The following information applies mostly to Azure Cloud Services unless you've configured the DiagnosticsMonitorTraceListener on an application that's running on your infrastructure as a service (IaaS) VM.

  • Make sure the DiagnosticMonitorTraceListener is configured in the web.config or app.config. It's configured by default in cloud service projects. However, some customers comment it out, which causes the trace statements to not be collected by Diagnostics.
  • If logs aren't getting written from the OnStart or Run method, make sure the DiagnosticMonitorTraceListener is in the app.config. By default, it's in the web.config, but that only applies to code running within w3wp.exe. So you need it in app.config to capture traces that are running in WaIISHost.exe.
  • Make sure you're using Diagnostics.Trace.TraceXXX instead of Diagnostics.Debug.WriteXXX. The Debug statements are removed from a release build.
  • Make sure the compiled code actually has the Diagnostics.Trace lines. Use Reflector, ildasm, or ILSpy to verify. Diagnostics.Trace commands are removed from the compiled binary unless you use the TRACE conditional compilation symbol. This common problem occurs when you're using MSBuild to build a project.

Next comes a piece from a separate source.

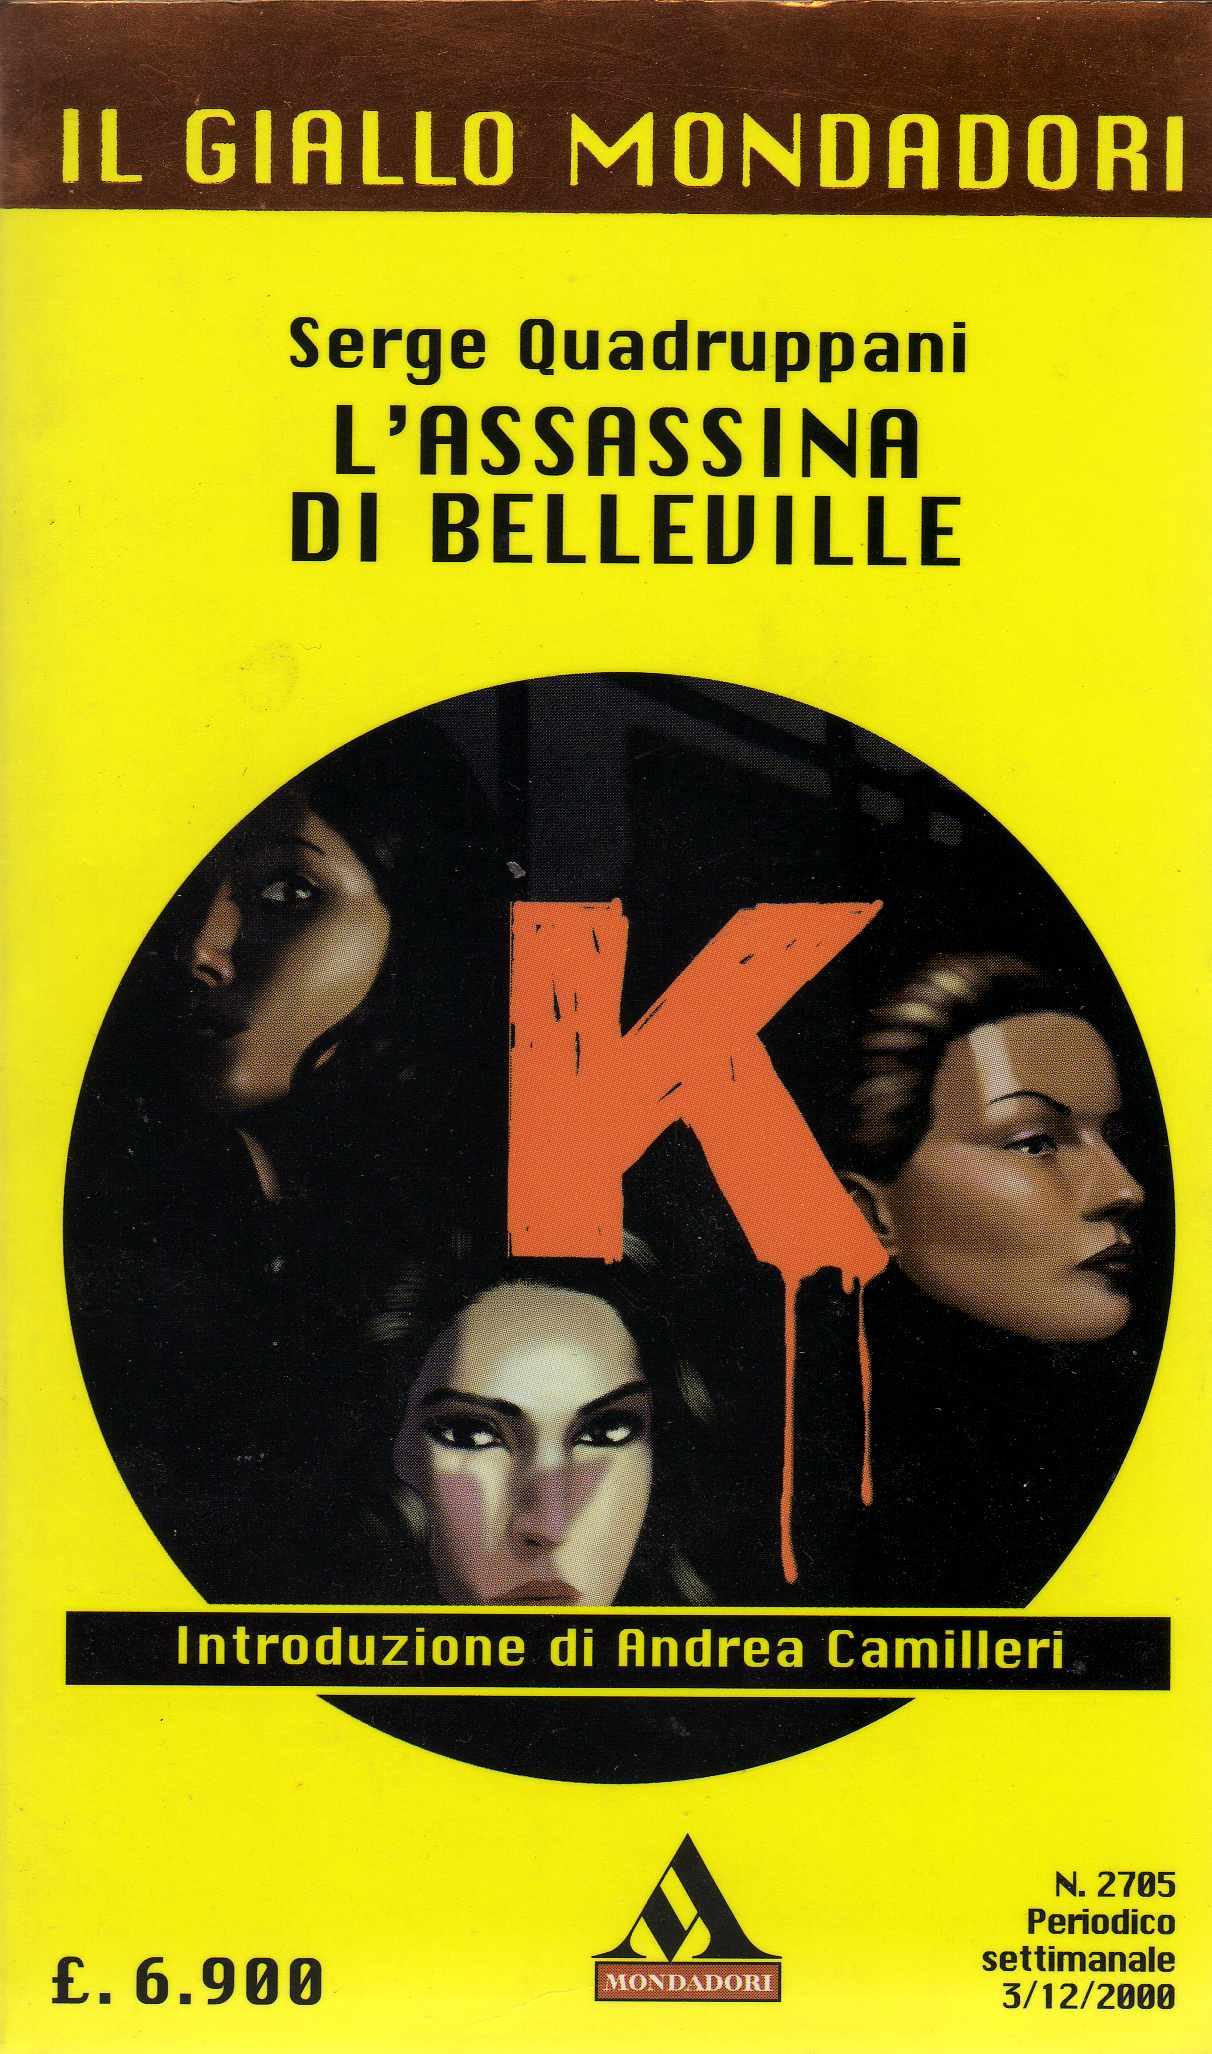 L'assassina di Belleville

Known issues and mitigations

The following known issues have mitigations.

.NET 4.5 dependency

The Azure Diagnostics extension for Windows has a runtime dependency on .NET Framework 4.5 or later. At the time of writing, all machines that are provisioned for Azure Cloud Services, and all official images that are based on Azure VMs, have .NET 4.5 or later installed.

It's still possible to encounter a situation where you try to run the Azure Diagnostics extension for Windows on a machine that doesn't have .NET 4.5 or later. This situation happens when you create your machine from an old image or snapshot, or when you bring your own custom disk.

This issue generally manifests as an exit code 255 when you run DiagnosticsPluginLauncher.exe. Failure happens because of the following unhandled exception:

System.IO.FileLoadException: Could not load file or assembly 'System.Threading.Tasks, Version=1.5.11.0, Culture=neutral, PublicKeyToken=b03f5f7f11d50a3a' or one of its dependencies

Mitigation: Install .NET 4.5 or later on your machine.

Performance counters data is available in storage but doesn't show in the portal

The portal experience in the VMs shows certain performance counters by default. If you don't see the performance counters, and you know that the data is getting generated because it's available in storage, be sure to check:

  • Whether the data in storage has counter names in English. If the counter names aren't in English, the portal metric chart won't recognize it.

    • Mitigation: Change the machine's language to English for system accounts. To do this, select Control Panel > Region > Administrative > Copy Settings. Next, clear Welcome screen and system accounts so that the custom language isn't applied to the system account.
  • If you're using wildcards (*) in your performance counter names, the portal can't correlate the configured and collected counter when the performance counters are sent to the Azure Storage sink.

    • Mitigation: To make sure you can use wildcards and have the portal expand the (*), route your performance counters to the Azure Monitor sink.